Das Spiel des Thomas Kraft

(ub) – Gelassenheit herrschte auf dem Schenckendorff-Platz. Die Spieler, die am Vorabend in Mainz im Einsatz waren, liefen in Ruhe aus. Das Tempo erfüllte die Kategorie ‚Laufen ohne zu Schnaufen‘, das Spiel beim FSV wurde noch mal nachbesprochen. Kleiner Rückblick zum Sonntagabend in der Coface Arena (Foto: ub).

Die Stimmung war locker, jedenfalls bei den meisten. Einer, der im Fokus wie selten gestanden hatte, winkte ab.

„Ich habe keine Lust“, sagte Thomas Kraft und ging an den Medienvertretern vorbei. Dafür hatte sein Vorgesetzter einiges zu berichten.

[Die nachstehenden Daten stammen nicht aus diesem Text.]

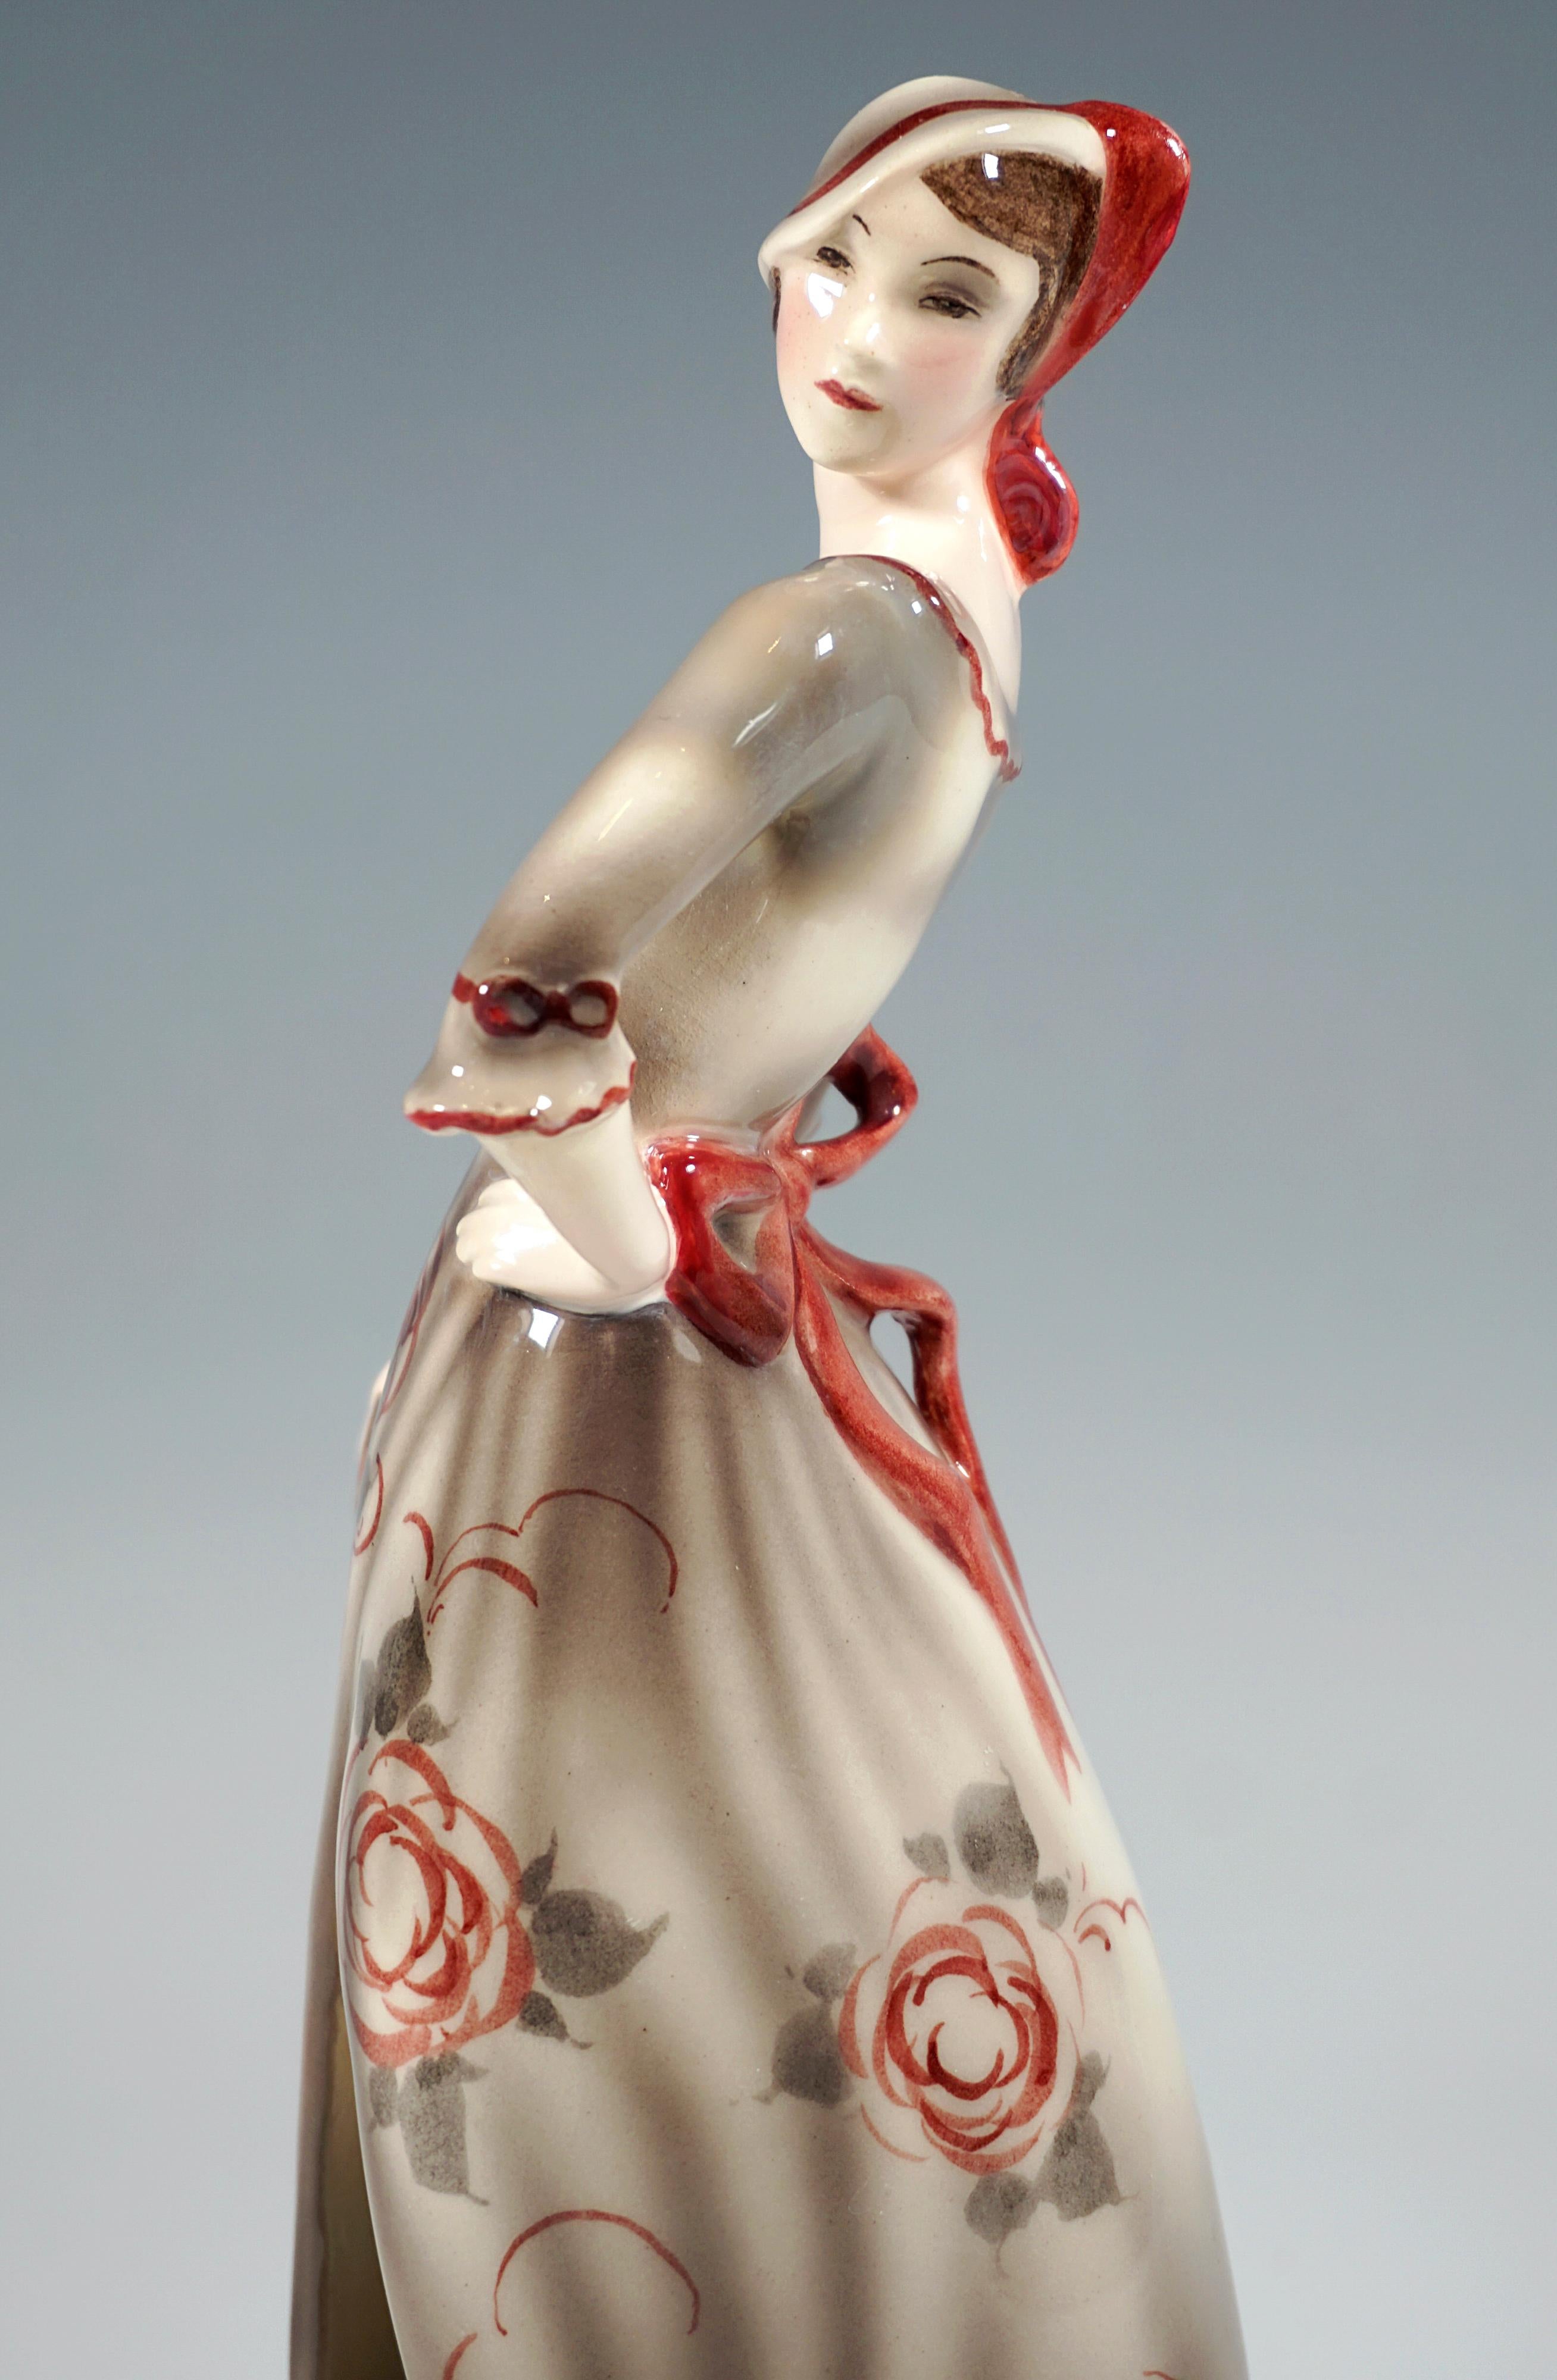 Hand-Crafted Goldscheider Vienna Art Déco Figure Elegant Lady Posing, By Claire Weiss, c 1931 For Sale

Trainer Jos Luhukay: „Thomas konnte sich gleich mehrfach auszeichnen. Das ist selten in der Bundesliga, weil wir sonst relativ wenig Chancen zulasesn. Und Thomas hat gezeigt, dass wir mit ihm einen sehr guten Rückhalt haben.“

Veränderte Ansprüche ans Torwart-Spiel

Luhakay hielt sich weniger auf mit den spektakulären Paraden des Schlussmannes gegen Choupo-Moting und Parker, er berichtete vor allem von jener Szene in der 20. Minute. Als Kraft im Vollspeed auf dem ihn entgegen stürmenden Nicolai Müller zuging und im letzten Moment den steil gespielten Ball zur Seite klären konnte.

Luhukay: „Wir wissen alle, was es in dieser Szene gibt, wenn Thomas den Ball nicht erreicht. Da hat man sein hervorragendes Stellungsspiel gesehen. Das ist von ihm auch gefordert. Wenn wir sehr hoch verteidigen, muss auch der Torwart hinten rausrücken, falls der Gegner mal einen Ball durch die Mitte spielt. Das kommt zwar nicht oft vor, aber das war eine dieser Szenen. Thomas hat ein sehr gutes Gespür, das Timing war perfekt.“

Wenn ich mir den Kader anschaue, denke ich, dass Hertha mit Blick für die Saison 2014/15 auf fast allen Positionen etwas tun wird – nur auf der Torwart-Position nicht. An dem Setting ist bereits einiges verändert worden.

Die Torwart-Crew zum Ende der vergangenen Aufstiegssaison: Torwarttrainer Christian Fiedler. Torwarte: Thomas Kraft, Sascha Burchert, Philip Sprint.

Die Torwart-Crew in diesem März: Torwarttrainer Richard Golz. Torwarte: Thomas Kraft, Rune Jarstein, Marius Gersbeck, Sascha Burchert.

Kraft und die neue Konkurrenz durch Jarstein

Der Vertrag von Kraft läuft bis 2015, der von Jarstein bis 2016. Bei Hertha intern war man gespannt, wie Kraft mit der neuen Konstellation, die so (mit Jarstein und Gersbeck) seit Januar besteht, umgehen würde. Mein Zwischenfazit nach sieben Spielen in 2014: Kraft ist stabil. Gegen Freiburg war seine Leistung überdurchschnittlich. In Mainz hat er sein bisher bestes Saisonspiel für Hertha gezeigt.

Was ist Eure Meinung?

P.S. Gab ein wenig Verwirrung um den Torwart-Kader, Mediendirektor Peter Bohmbach erklärte: Es hat sich am vergangenen Samstag um einen Übermittlungsfehler gehandelt. Bei der Medien-Abteilung war angekommen, dass Kraft und Gersbeck im Kader stünden. Tatsächlich aber hatte der Trainer für die Partie in Mainz Kraft und Jarstein nomminiert.